● **Data section**
• • •
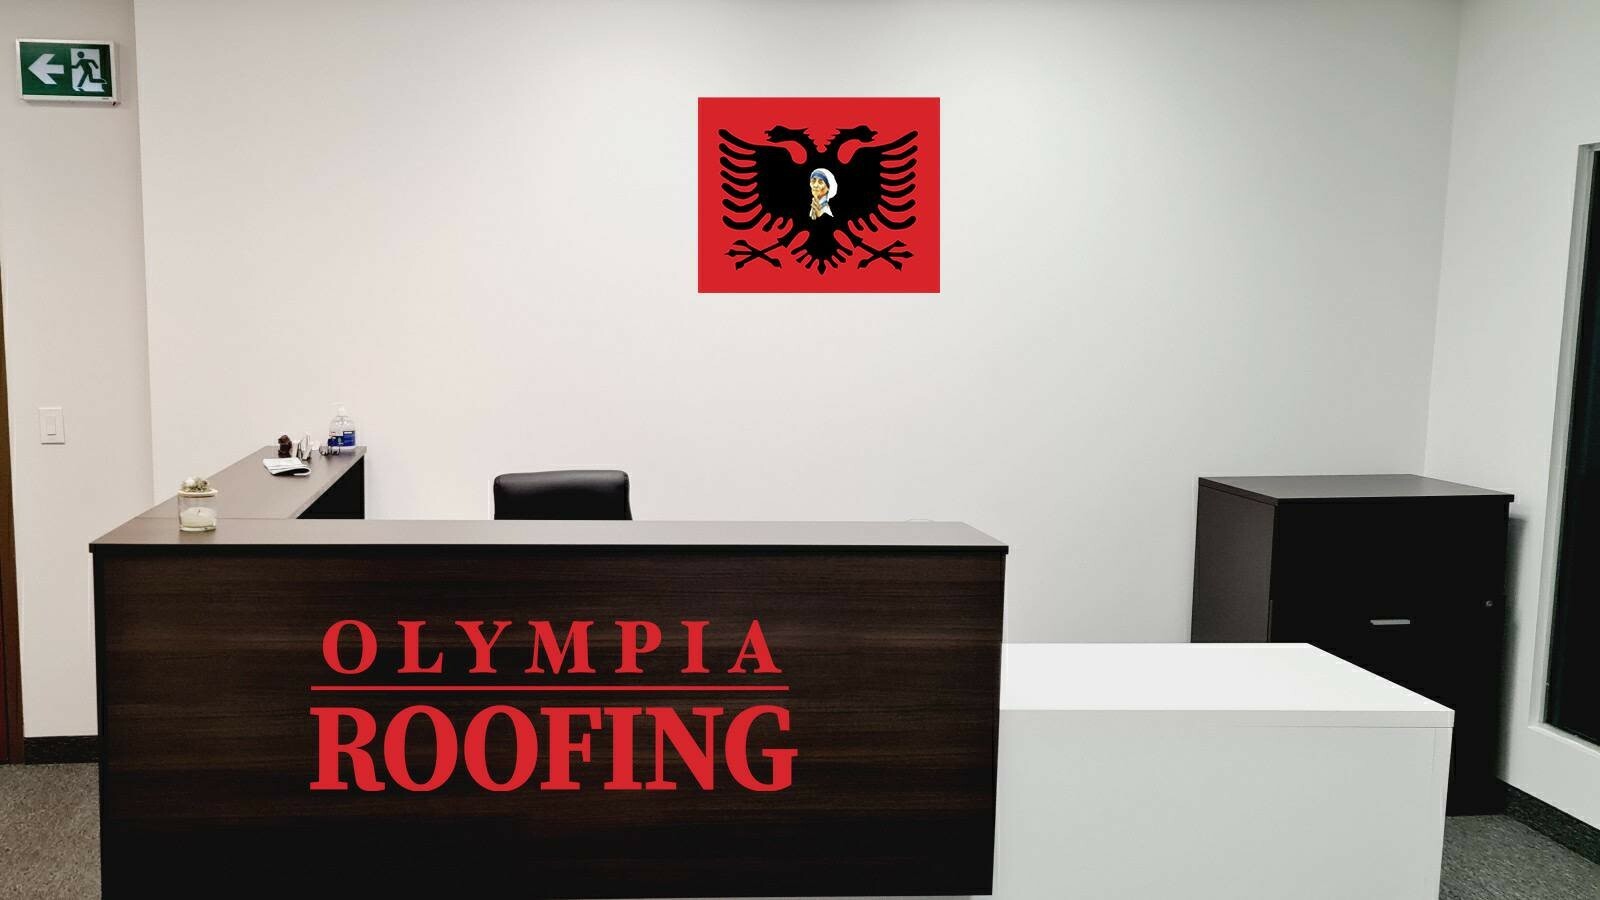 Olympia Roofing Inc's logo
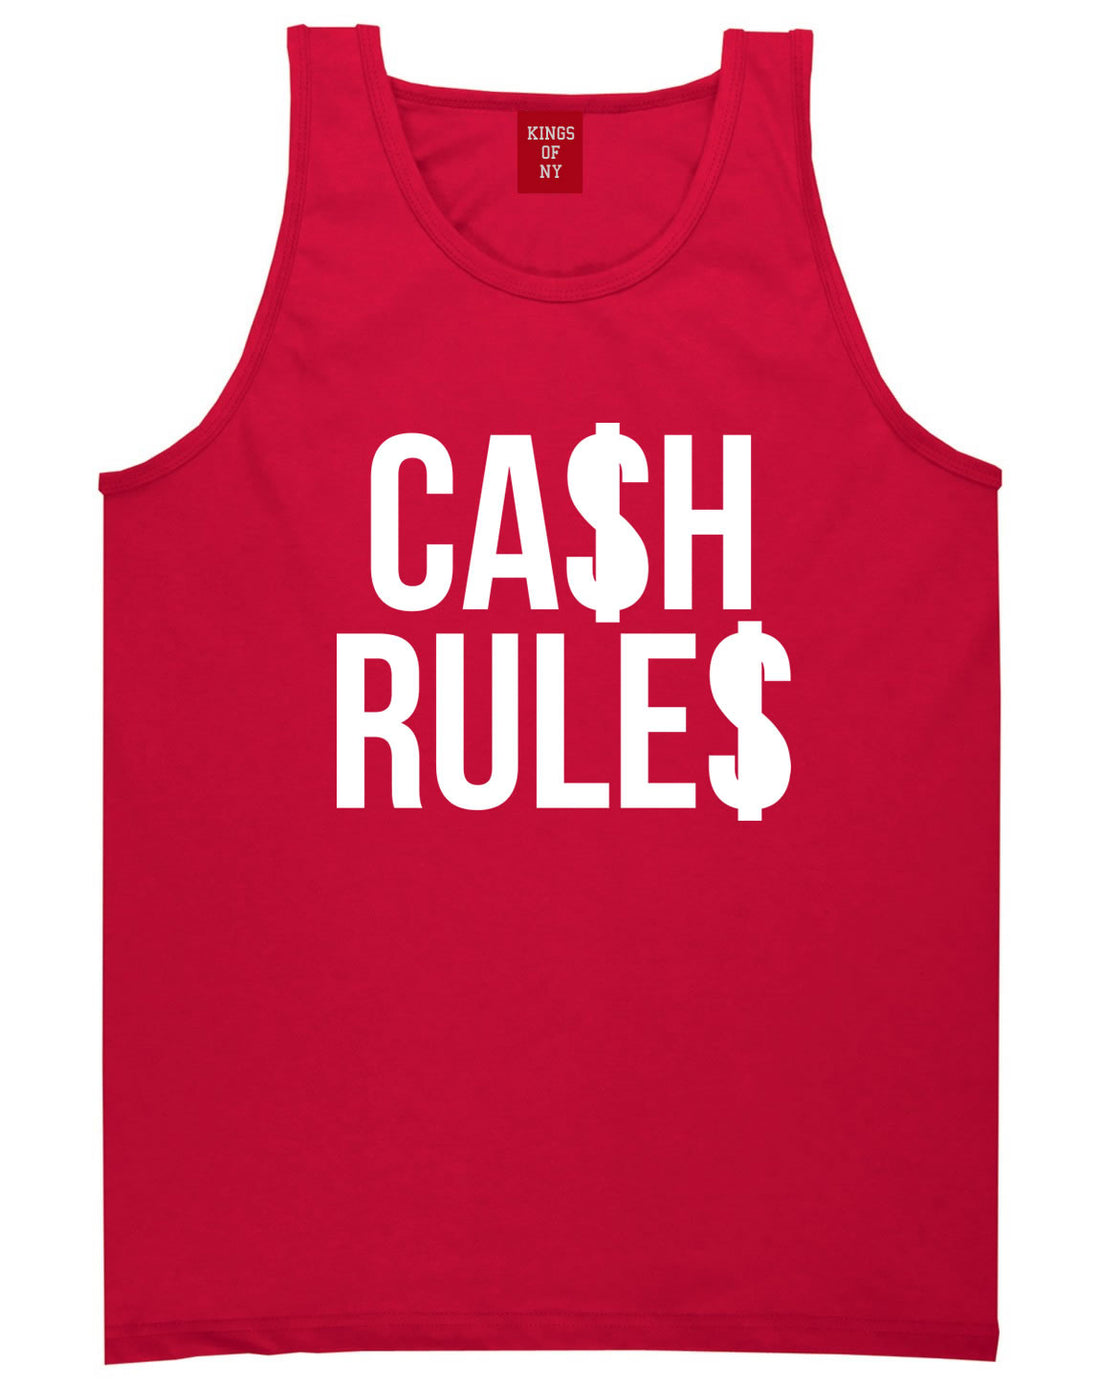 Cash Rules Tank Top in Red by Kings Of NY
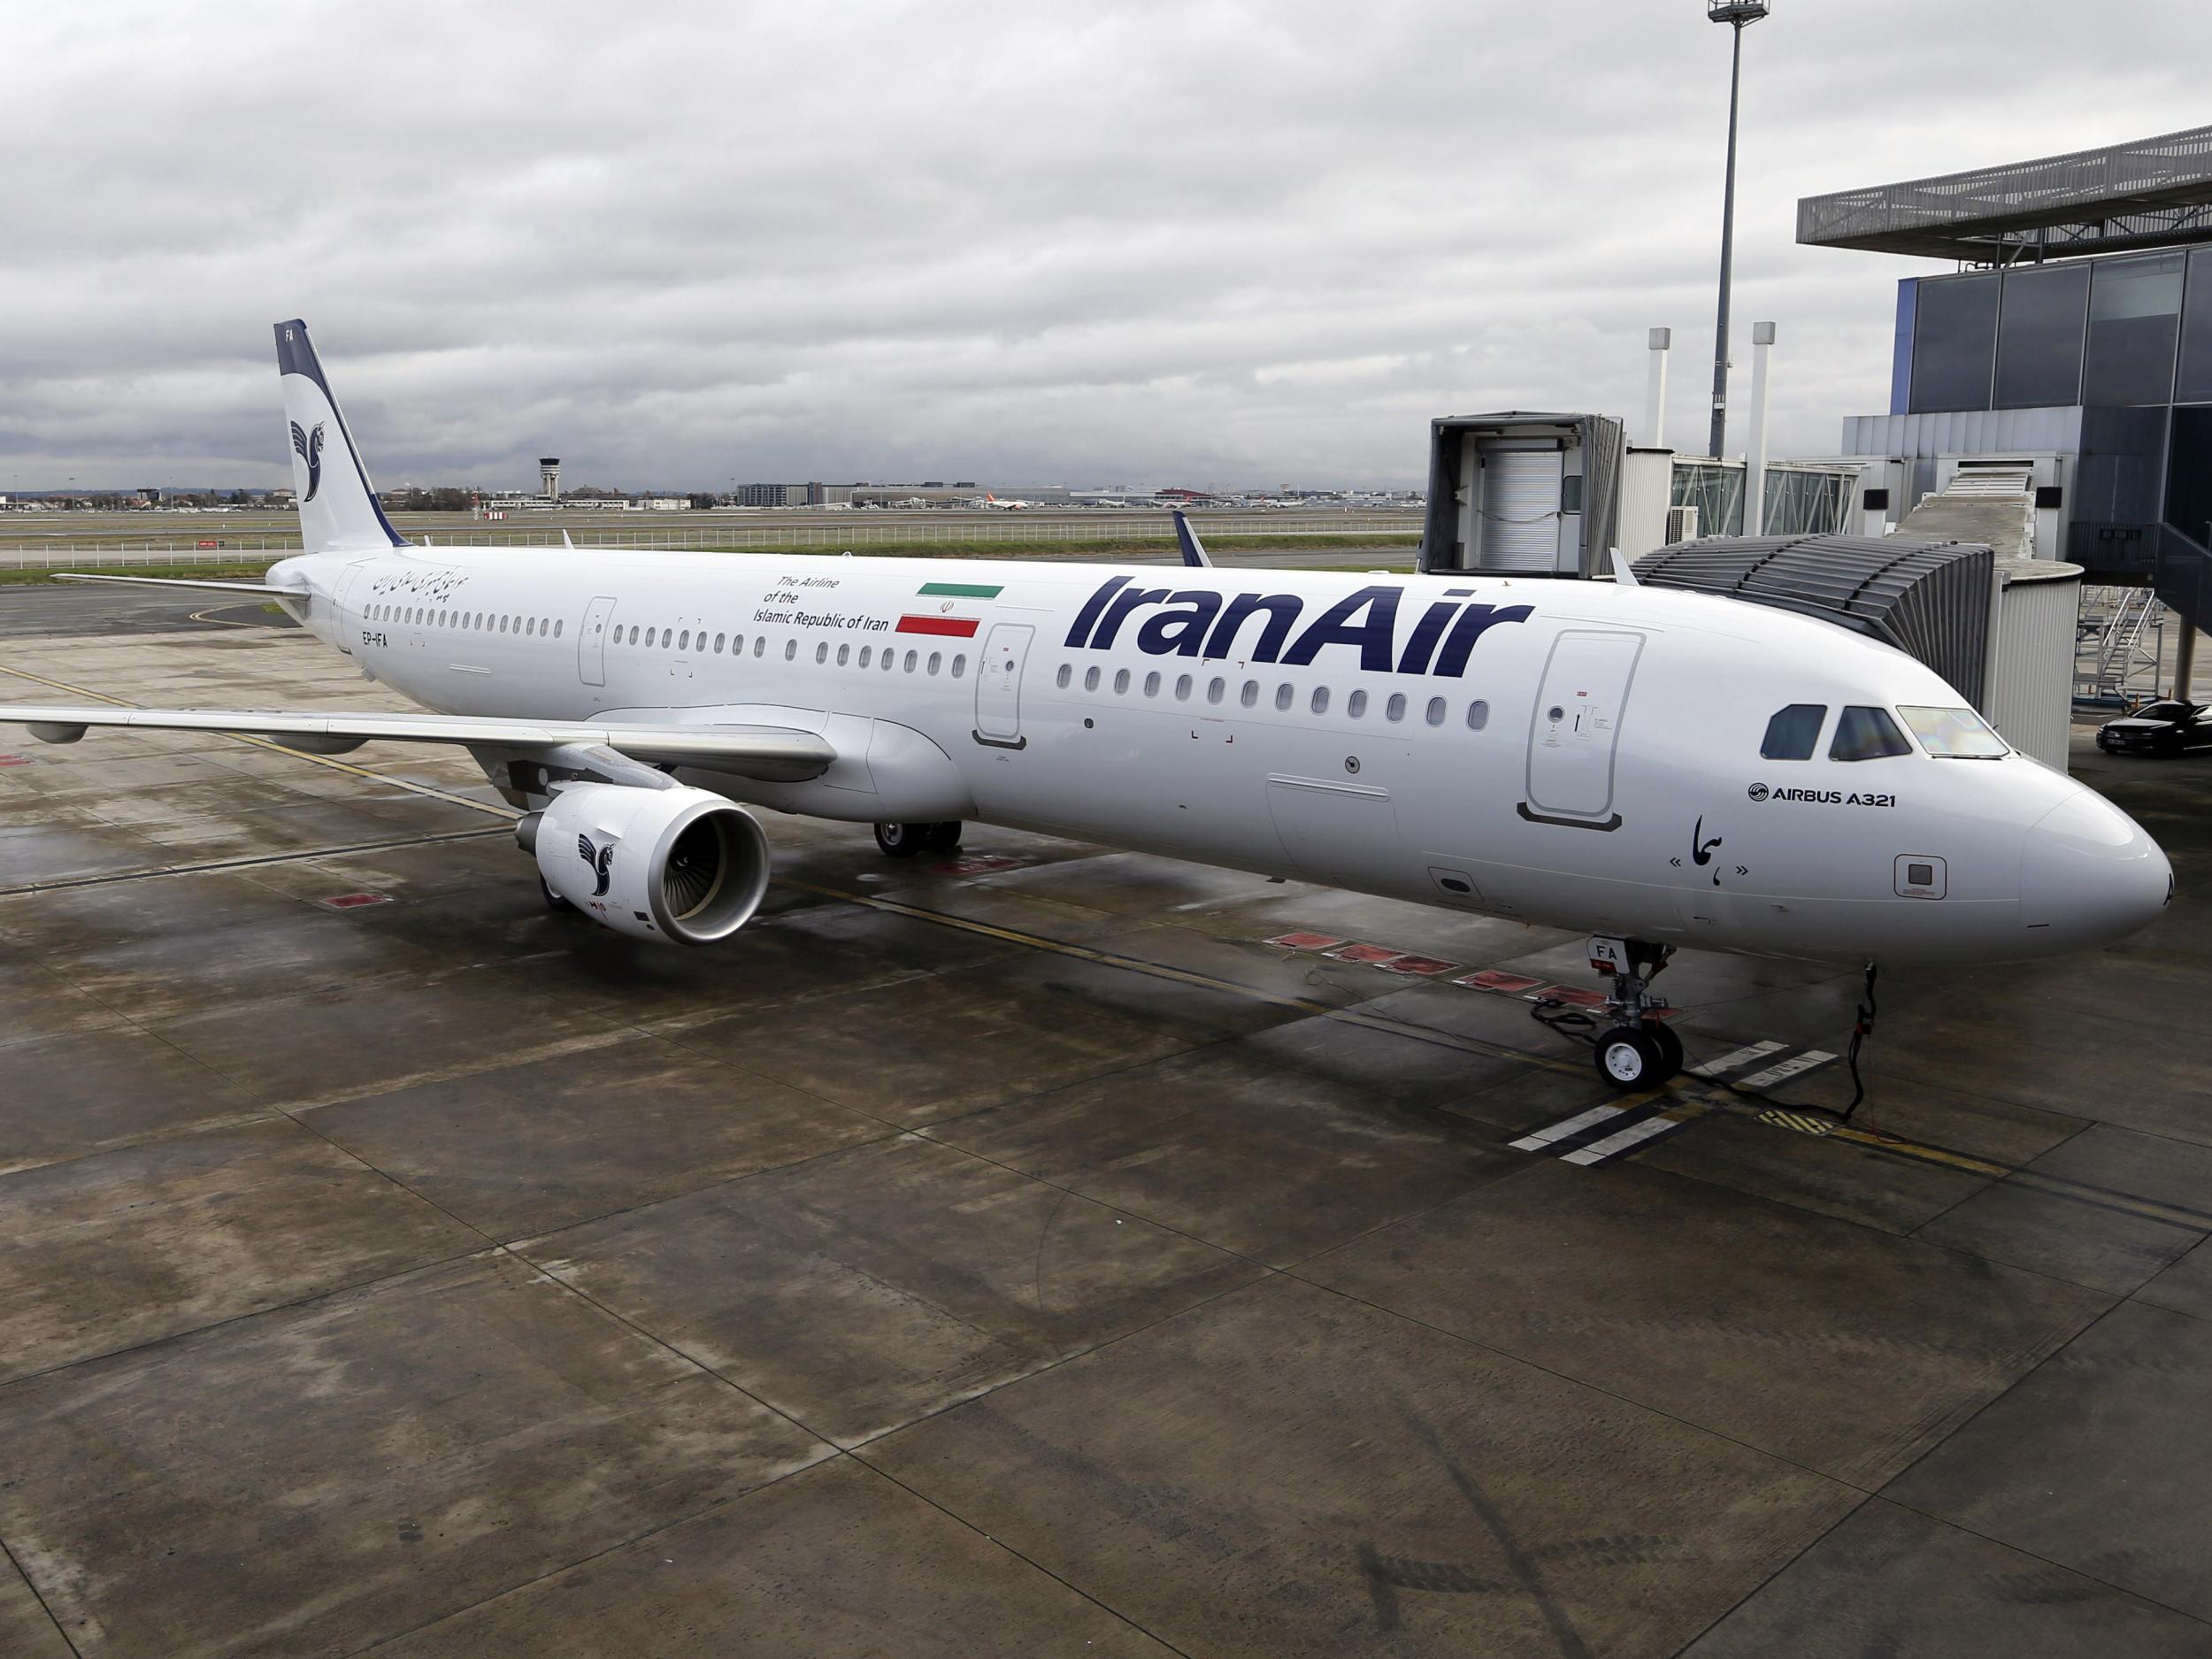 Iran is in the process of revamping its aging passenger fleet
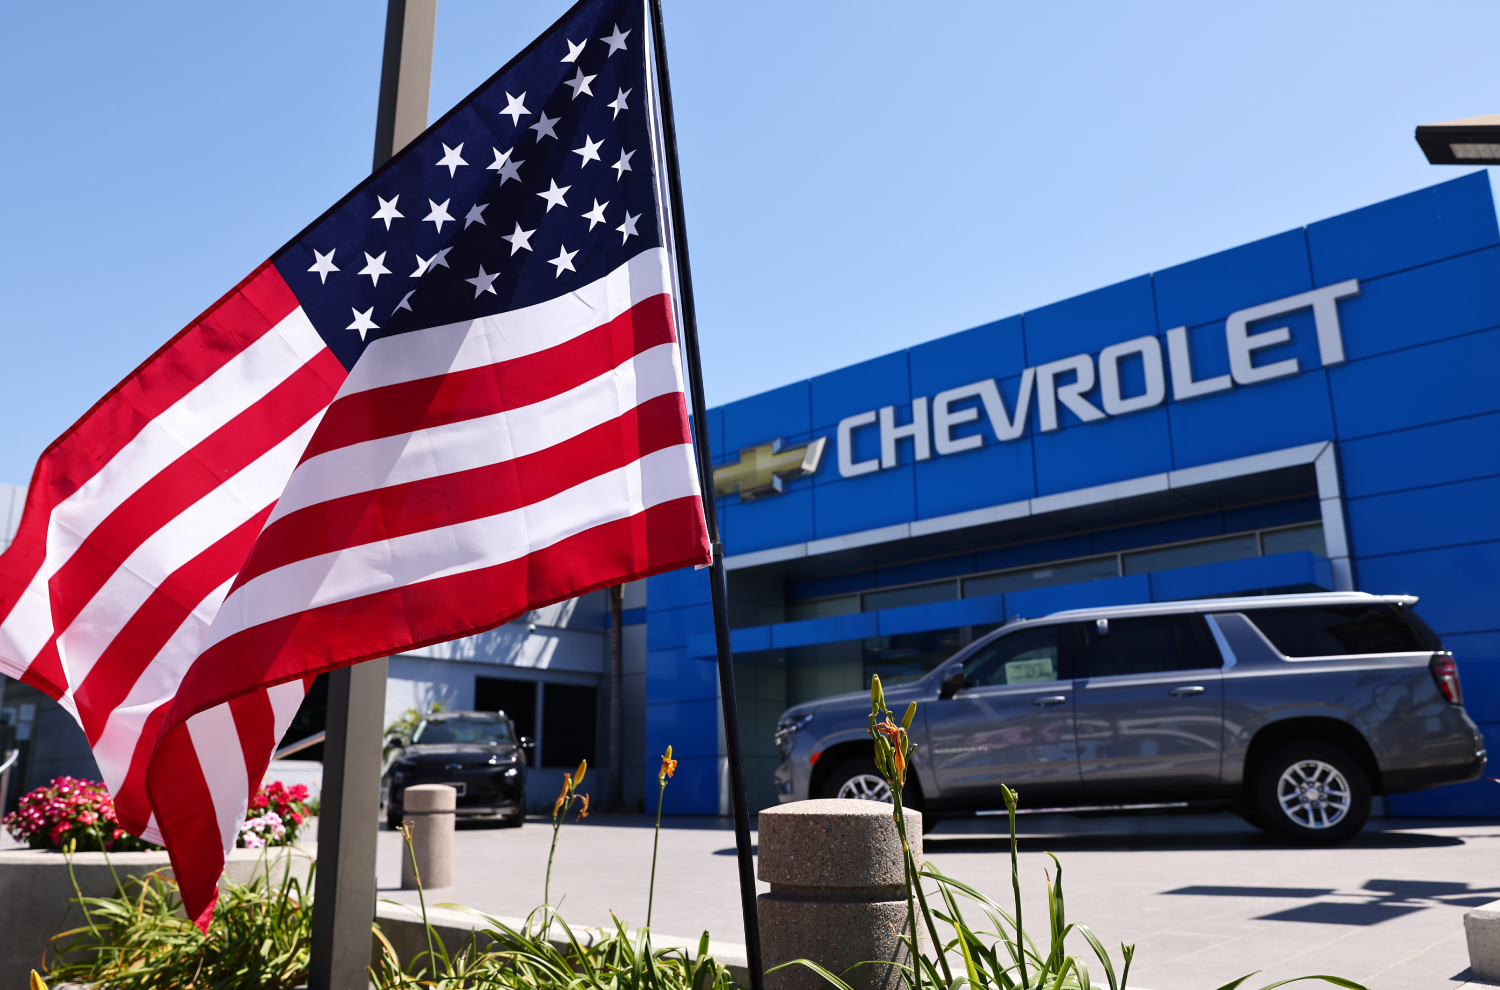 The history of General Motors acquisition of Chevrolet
• • •
● **What is required**
The result should be the full material above, word for word, with its pictures omitted.

● **Result of this task**
 Olympia Roofing Inc's logo
 Cash Rules Tank Top in Red by Kings Of NY
 Iran is in the process of revamping its aging passenger fleet
 The history of General Motors acquisition of Chevrolet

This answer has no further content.